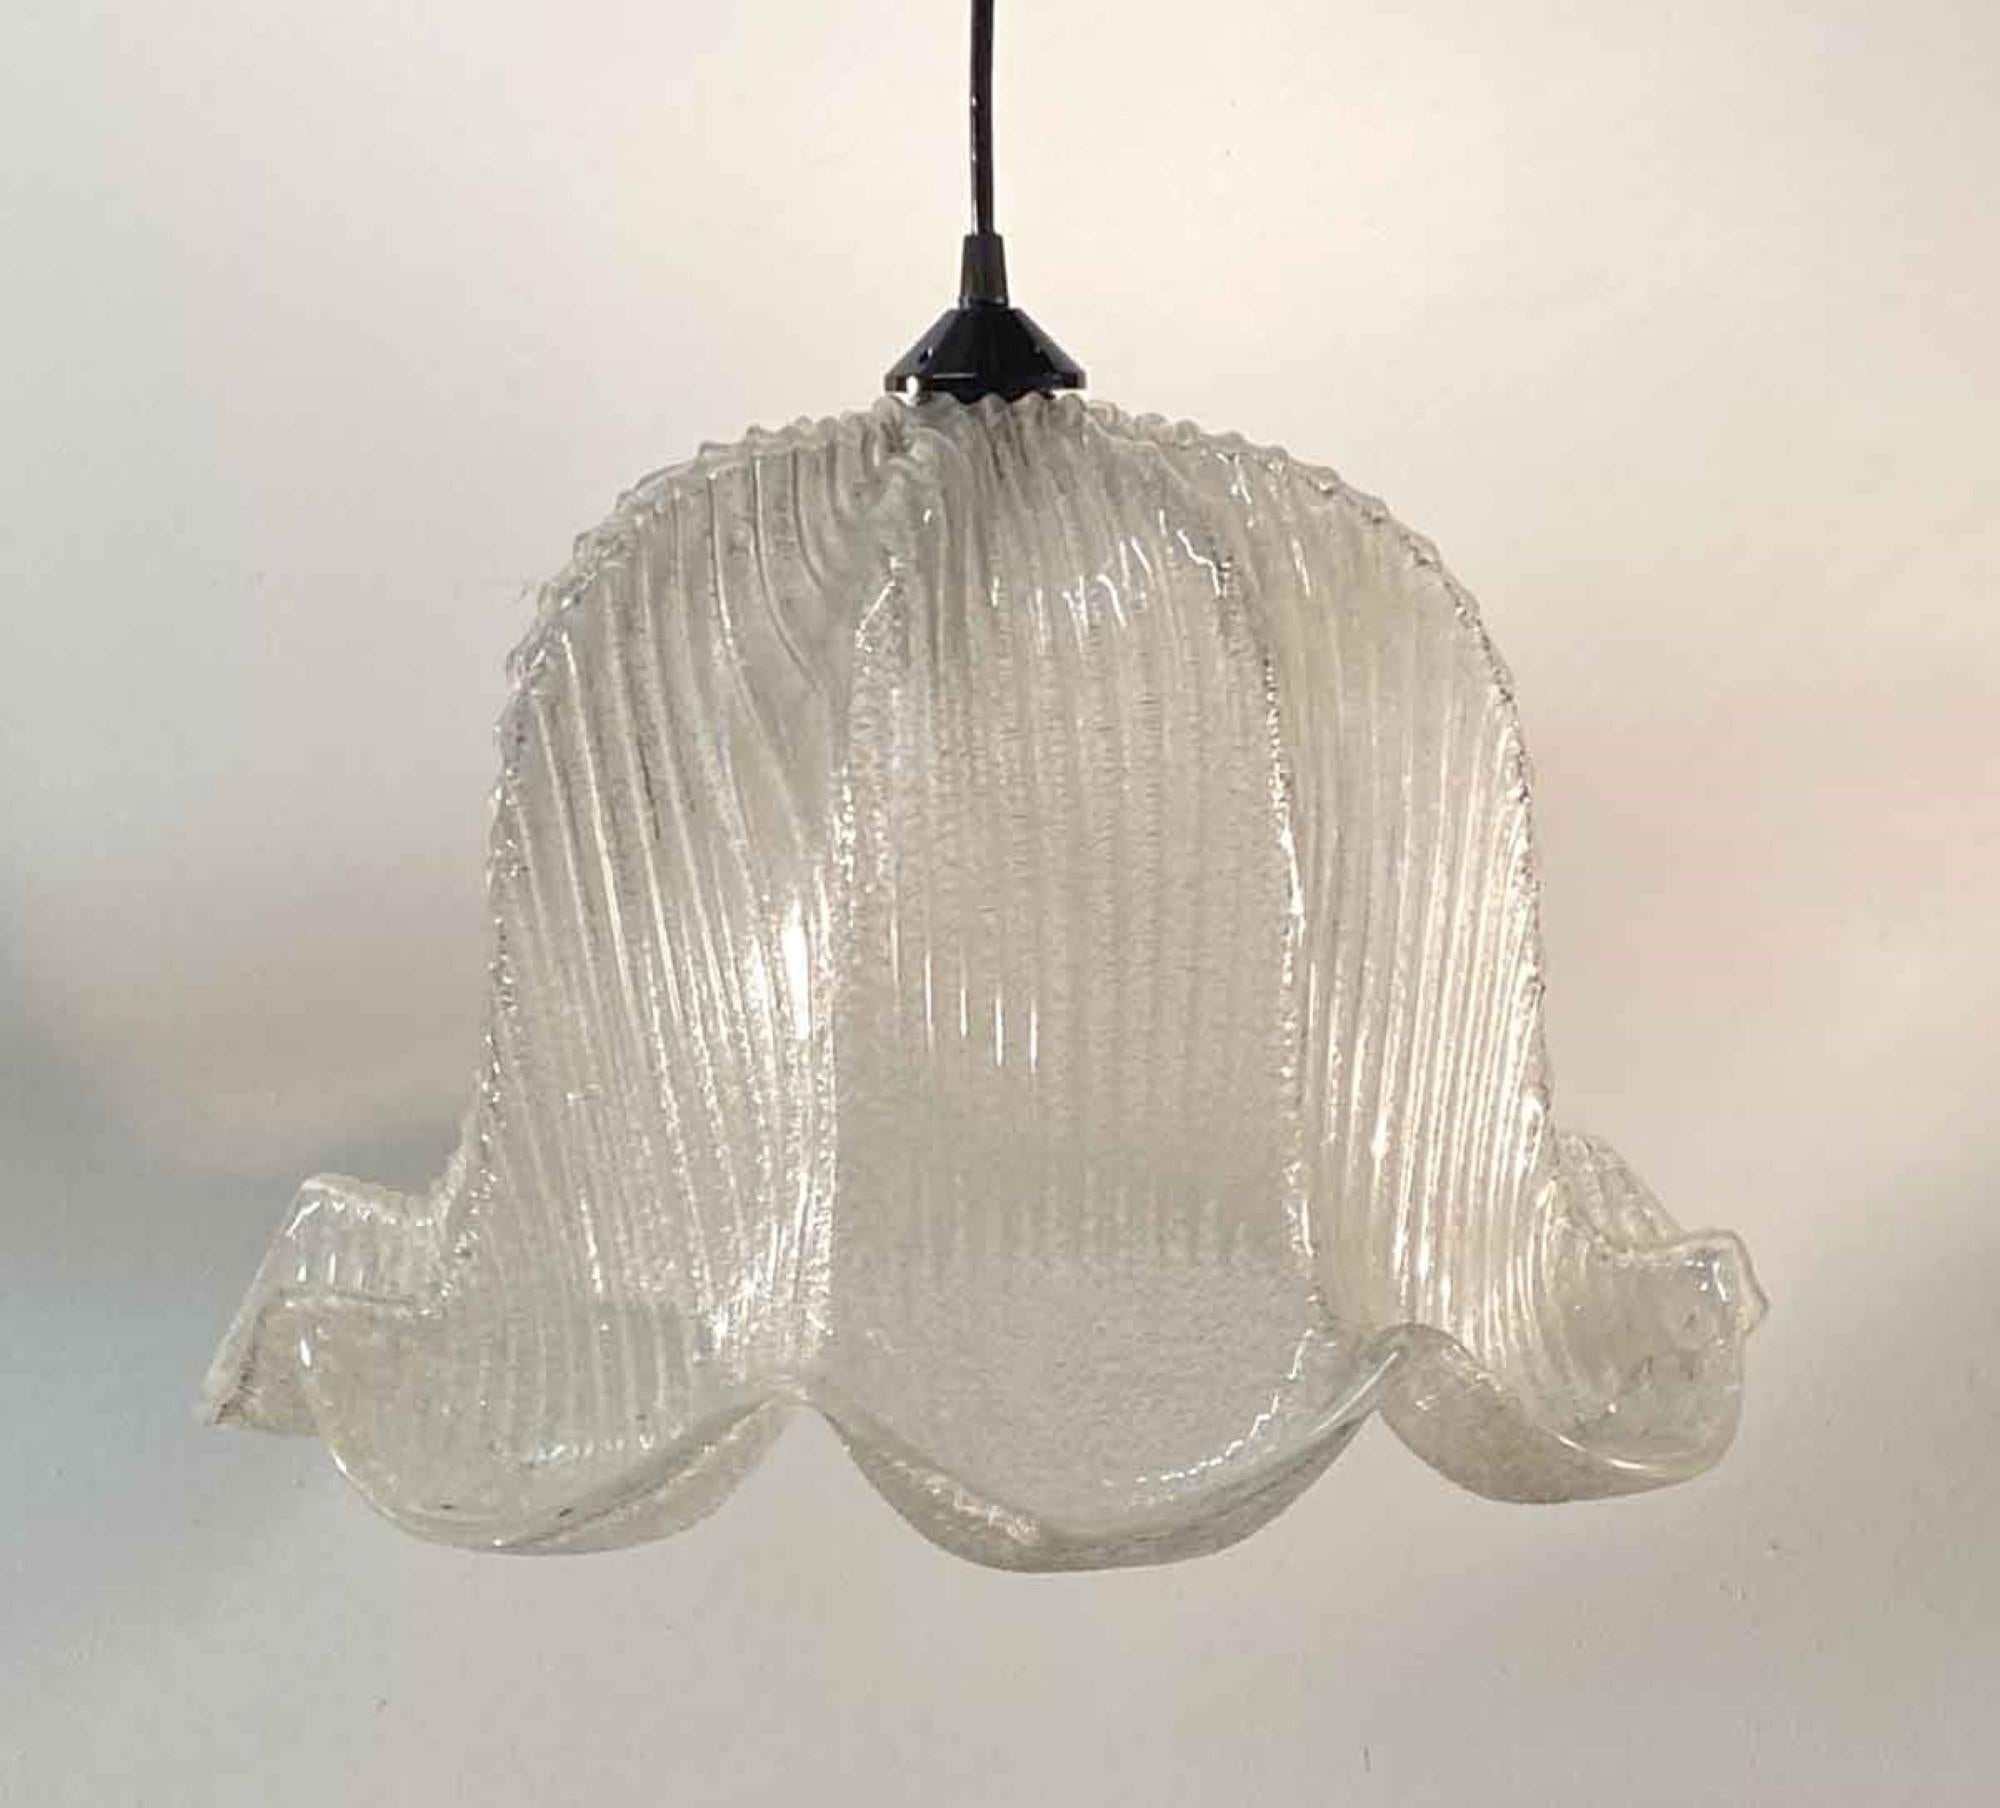 1970s hand blown or hand worked clear Italian Murano glass pendant light. Done in a Mid-Century Modern style. The hardware can be done in a white or black cord, antique brass or a polished nickel pole. Price includes restoration. Please specify the
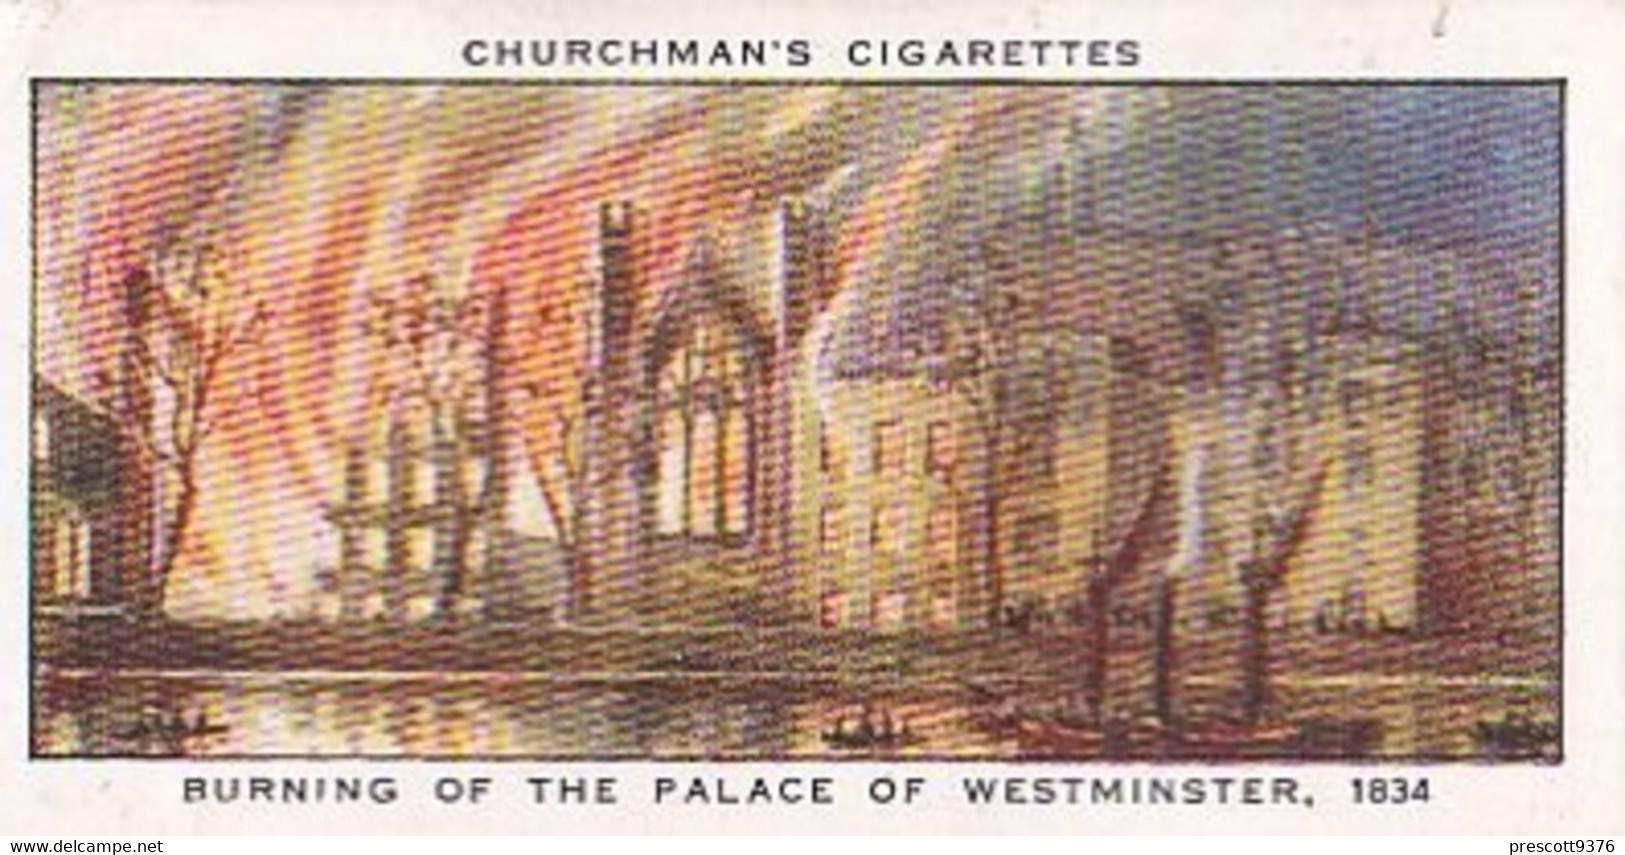 Houses Of Parliament Story 1931  - 23 Palace Of Westminster Fire 1834 - Churchman Cigarette Card - Original - - Churchman
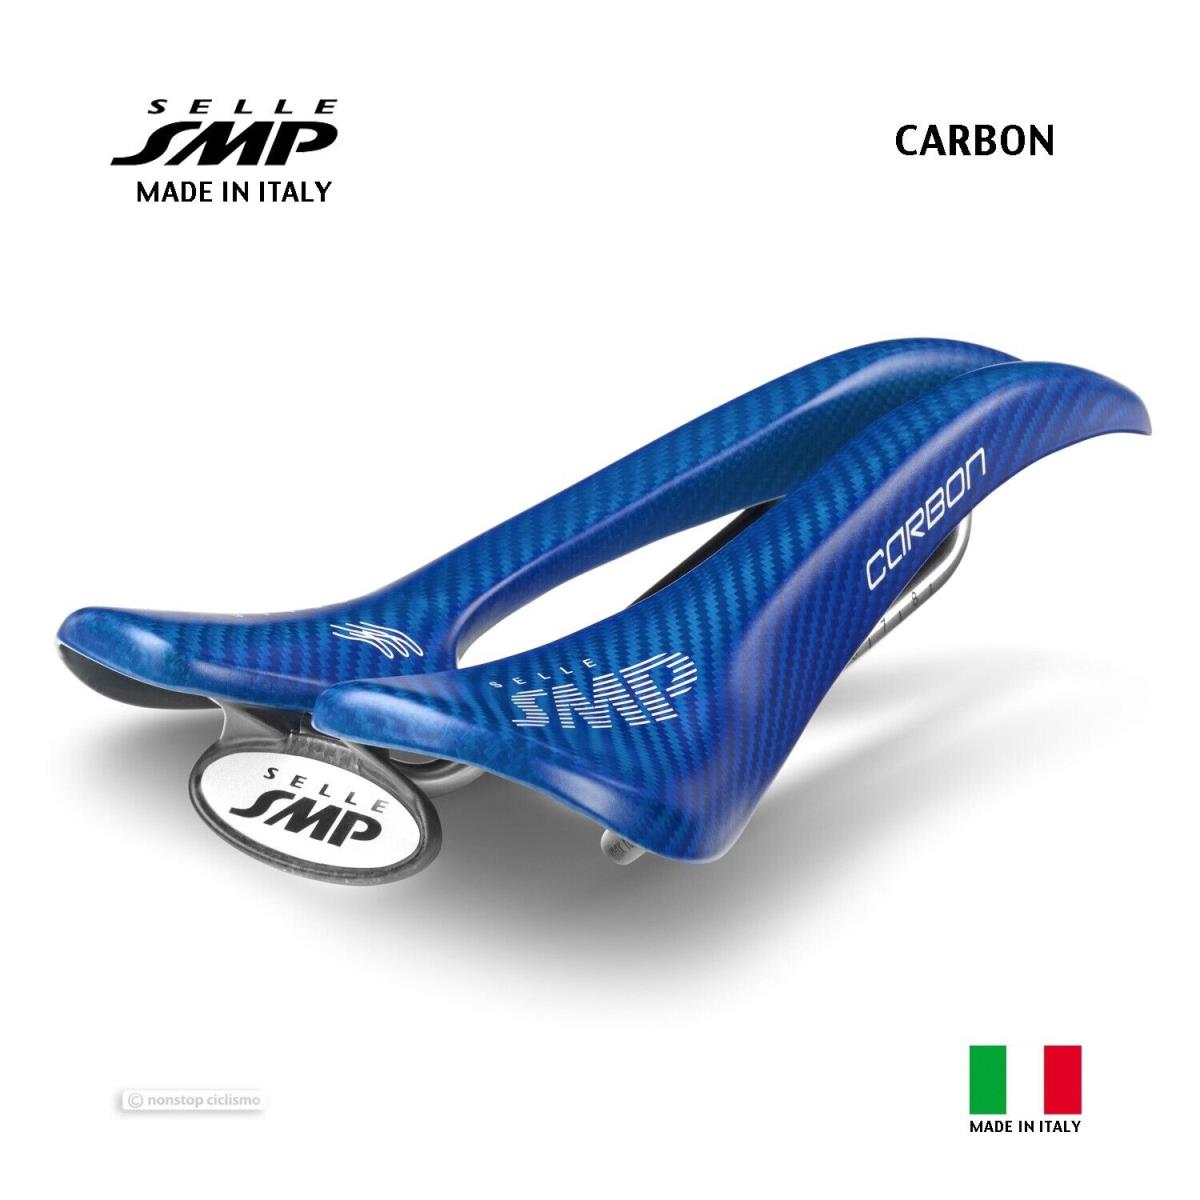 Selle Smp Carbon Saddle : Blue - Made IN Italy

──────────

Exercise: The job is to return the listing above exactly, minus its pictures.

Exercise solution:
 1970s hand blown or hand worked clear Italian Murano glass pendant light. Done in a Mid-Century Modern style. The hardware can be done in a white or black cord, antique brass or a polished nickel pole. Price includes restoration. Please specify the
 Houses Of Parliament Story 1931  - 23 Palace Of Westminster Fire 1834 - Churchman Cigarette Card - Original - - Churchman
 Selle Smp Carbon Saddle : Blue - Made IN Italy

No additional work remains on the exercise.